The more you can keep your types of data separate, and only use IDs and "mapping tables" to draw relationships between those types of data, the easier you'll be able to access and maintain all the data. It's easy to think, when you have 10 records in a starter database, that normalizing seems like overkill, but as you get more comfortable making database architecture decisions, always imagine how your plan would work if the table had 10 million records in it. (A whole lot of real-use databases do.)
Hope that helps you a little, let me know if you have any questions or thoughts.
Alex Flores
7,864 PointsAlex Flores
7,864 PointsEric, I really appreciate the detailed response. That was one of the best responses I think I've ever received and it was extremely helpful. I'm putting together my first database schema and it's much more difficult than I thought it was going to be.
I believe it's a pretty basic database.
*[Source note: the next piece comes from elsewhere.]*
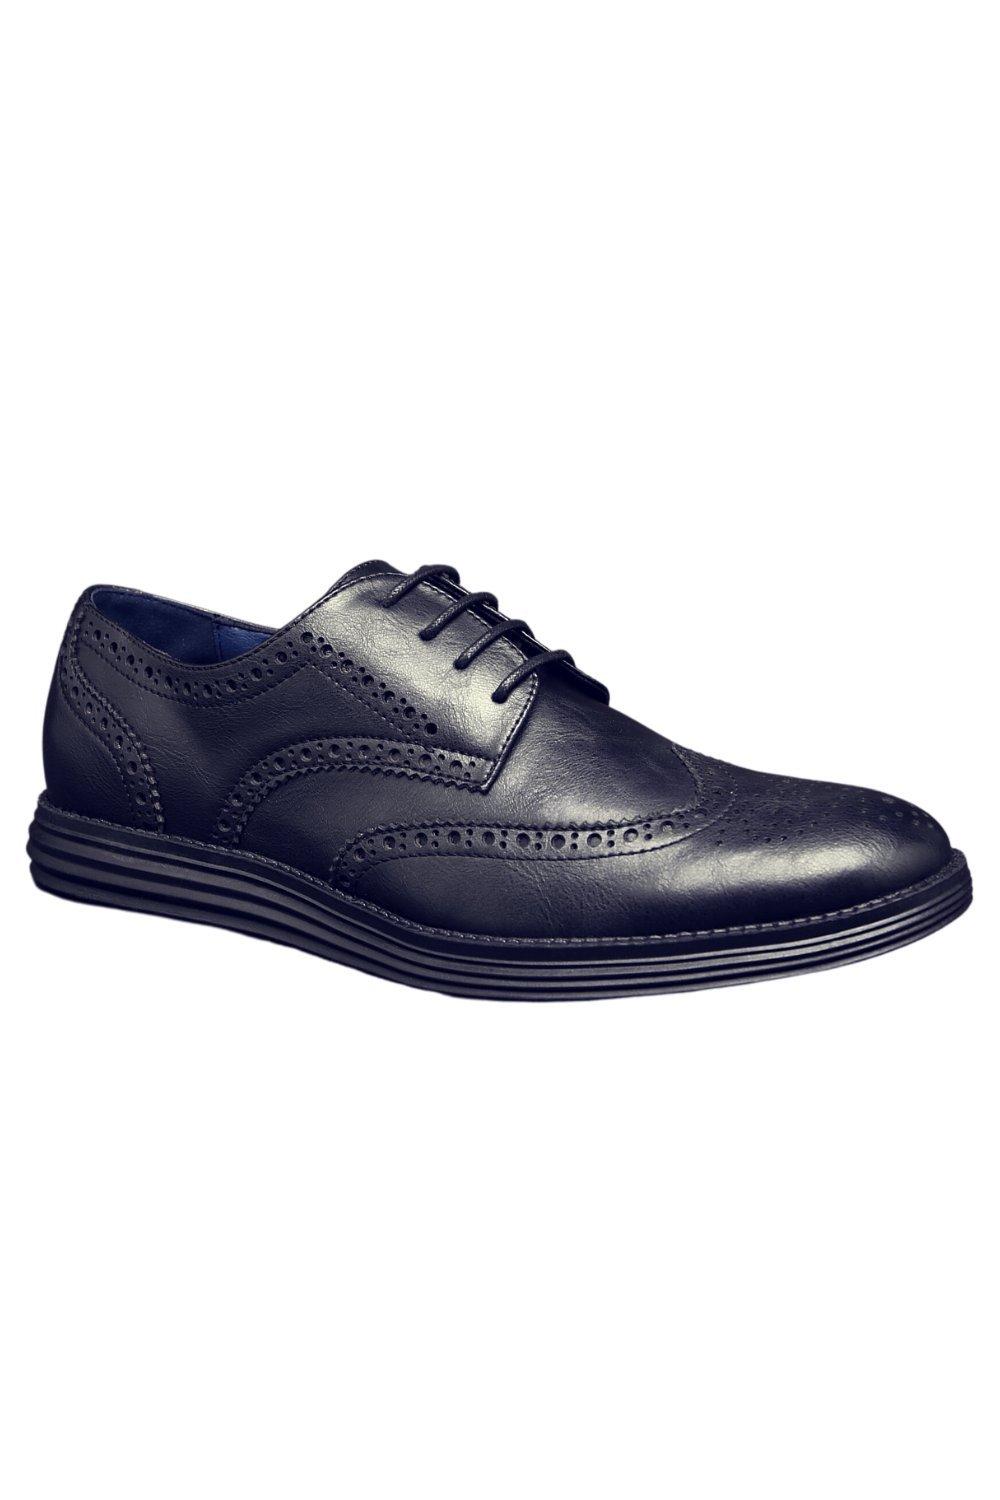 Кожаные деловые туфли на шнуровке в стиле смарт-офис TOP STAKA SHOES, черный мужские кожаные деловые туфли на шнуровке для офиса черный

I'm storing customer information, customer product information and a email_queye table. I have about 15 tables right now and I'm tempted to just use one primary key (customer_id) in the main table and then just use that primary key in a reference in 12/15 other tables. To me it makes sense to use just one primary key to associate many of the other tables, but I'm hesitant to do this, because I've been looking at examples of other database models and I noticed that most of them don't do this. I'm wondering why this would be the case?